- [Activity]:
Which lines in the data below contain the word "This"? Copy each of them.

- [Data extract]:
>>>>>

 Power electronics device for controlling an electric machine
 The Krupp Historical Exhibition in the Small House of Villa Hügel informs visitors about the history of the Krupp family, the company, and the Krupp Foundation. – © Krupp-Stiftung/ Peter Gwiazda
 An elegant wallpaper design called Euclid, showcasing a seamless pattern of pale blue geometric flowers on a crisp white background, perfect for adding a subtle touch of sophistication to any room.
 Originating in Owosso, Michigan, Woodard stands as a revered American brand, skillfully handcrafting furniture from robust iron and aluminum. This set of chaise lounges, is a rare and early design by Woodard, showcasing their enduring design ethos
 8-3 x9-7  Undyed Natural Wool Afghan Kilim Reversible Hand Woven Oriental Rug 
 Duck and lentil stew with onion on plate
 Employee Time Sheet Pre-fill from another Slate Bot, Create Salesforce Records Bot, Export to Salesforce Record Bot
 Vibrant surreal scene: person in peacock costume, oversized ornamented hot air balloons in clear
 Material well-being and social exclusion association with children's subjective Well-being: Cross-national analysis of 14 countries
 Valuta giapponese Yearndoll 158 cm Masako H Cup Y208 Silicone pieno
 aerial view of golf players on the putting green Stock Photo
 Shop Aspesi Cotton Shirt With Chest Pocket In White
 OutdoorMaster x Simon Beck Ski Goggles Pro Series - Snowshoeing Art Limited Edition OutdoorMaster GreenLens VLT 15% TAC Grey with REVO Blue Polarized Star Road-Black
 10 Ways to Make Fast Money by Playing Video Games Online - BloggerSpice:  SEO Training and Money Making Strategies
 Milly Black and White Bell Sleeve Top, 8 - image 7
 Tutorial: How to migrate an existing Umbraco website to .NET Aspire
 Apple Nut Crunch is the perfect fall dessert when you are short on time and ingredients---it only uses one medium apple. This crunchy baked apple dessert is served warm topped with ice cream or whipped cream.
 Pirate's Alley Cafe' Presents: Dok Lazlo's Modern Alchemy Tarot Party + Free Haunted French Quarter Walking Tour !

<<<<<

- [Written response]:
 Originating in Owosso, Michigan, Woodard stands as a revered American brand, skillfully handcrafting furniture from robust iron and aluminum. This set of chaise lounges, is a rare and early design by Woodard, showcasing their enduring design ethos
 Apple Nut Crunch is the perfect fall dessert when you are short on time and ingredients---it only uses one medium apple. This crunchy baked apple dessert is served warm topped with ice cream or whipped cream.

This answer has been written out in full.